## EXTRACTED DATA
—————

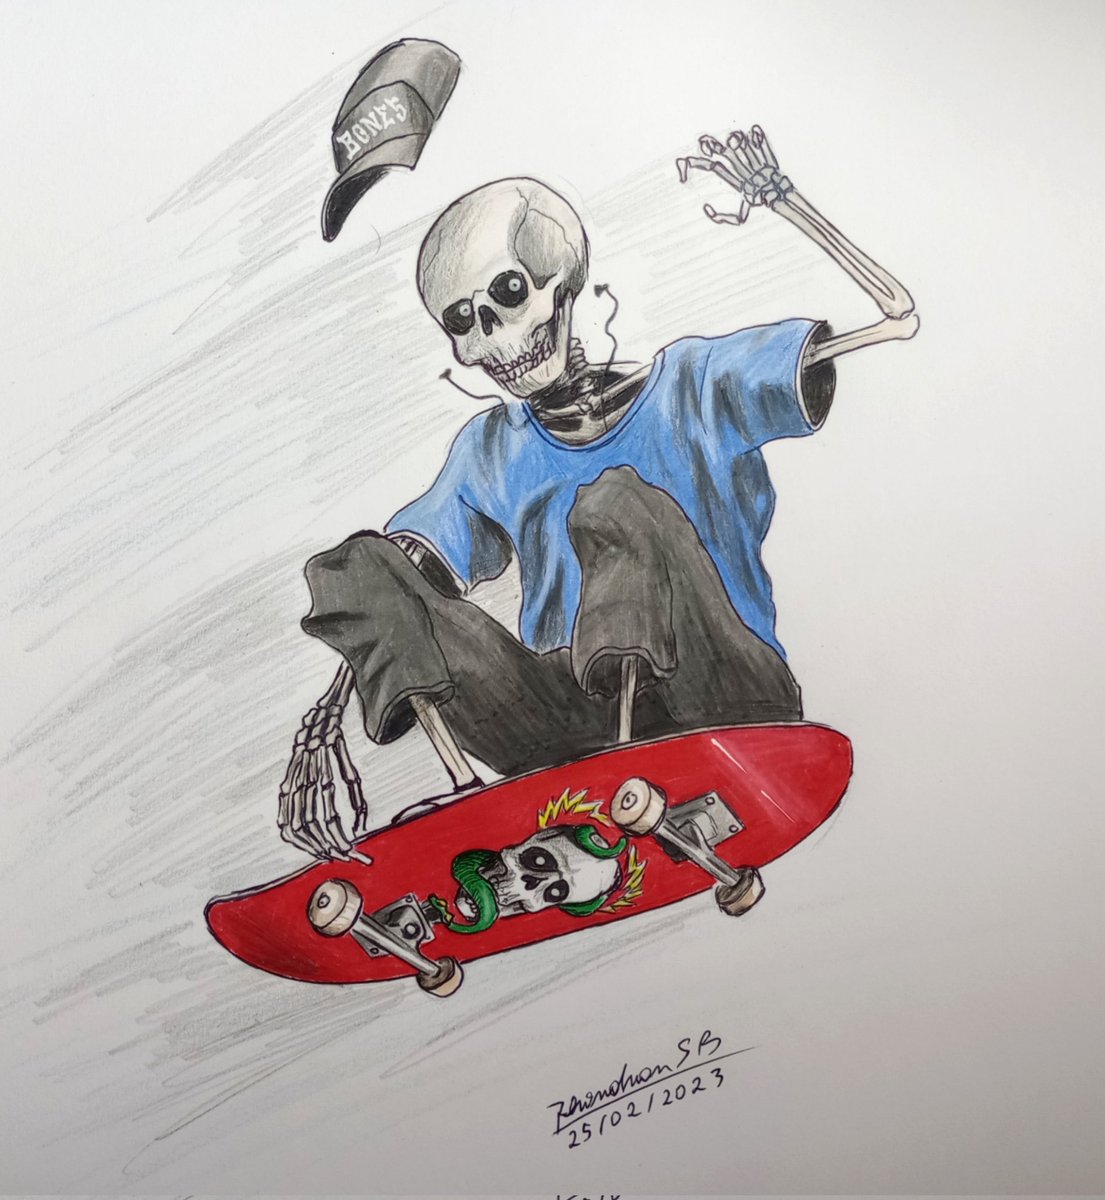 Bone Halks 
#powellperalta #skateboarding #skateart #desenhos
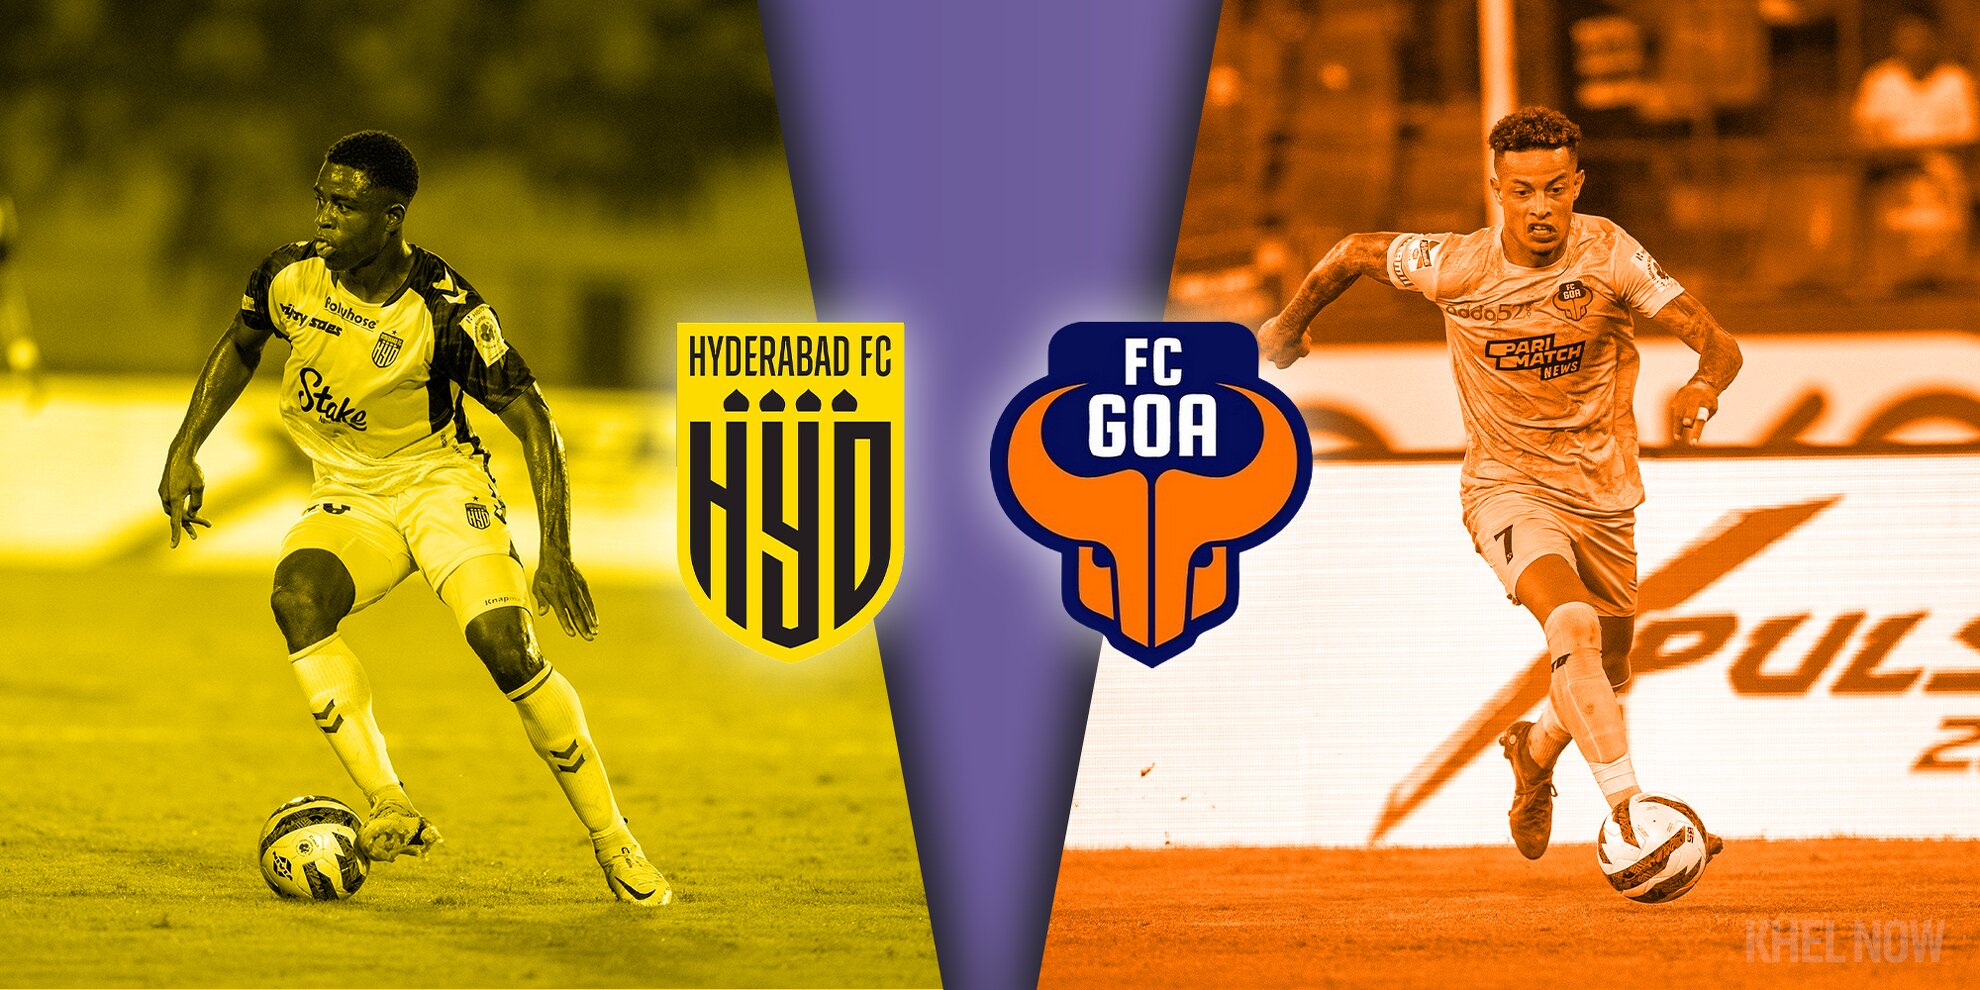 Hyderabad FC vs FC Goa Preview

—————

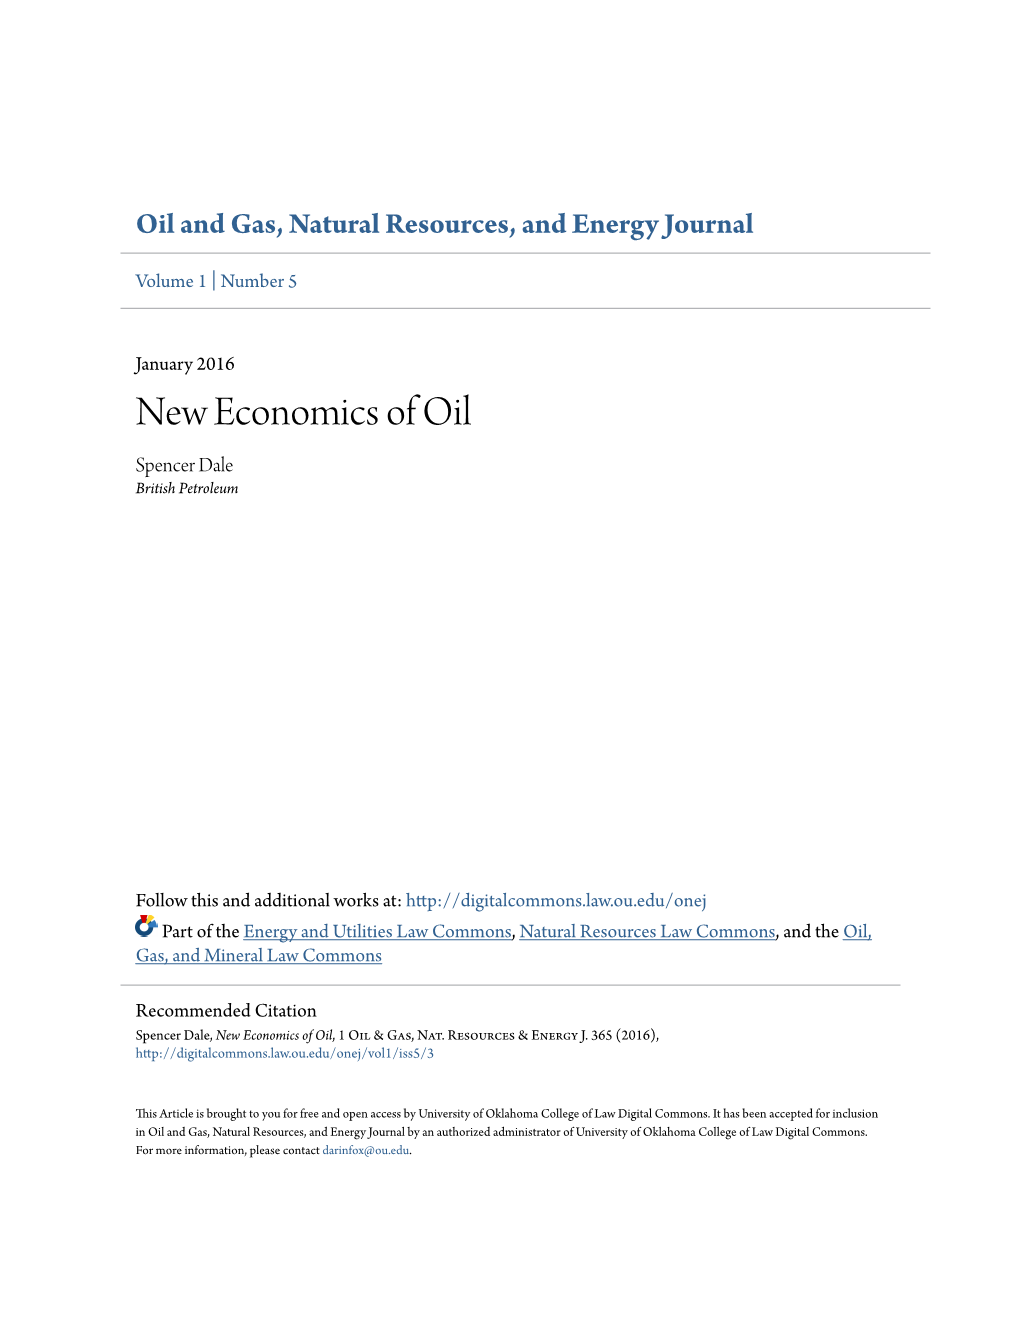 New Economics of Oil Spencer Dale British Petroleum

—————

## PROBLEM DESCRIPTION
Transcribe, word for word, the stretch of lines in the data above from the one with "#powellperalta #skateboarding #skateart" through the one with "Hyderabad FC vs FC Goa Preview"; omit all pictures.

## SOLUTION FOR THIS PROBLEM
#powellperalta #skateboarding #skateart #desenhos
 Hyderabad FC vs FC Goa Preview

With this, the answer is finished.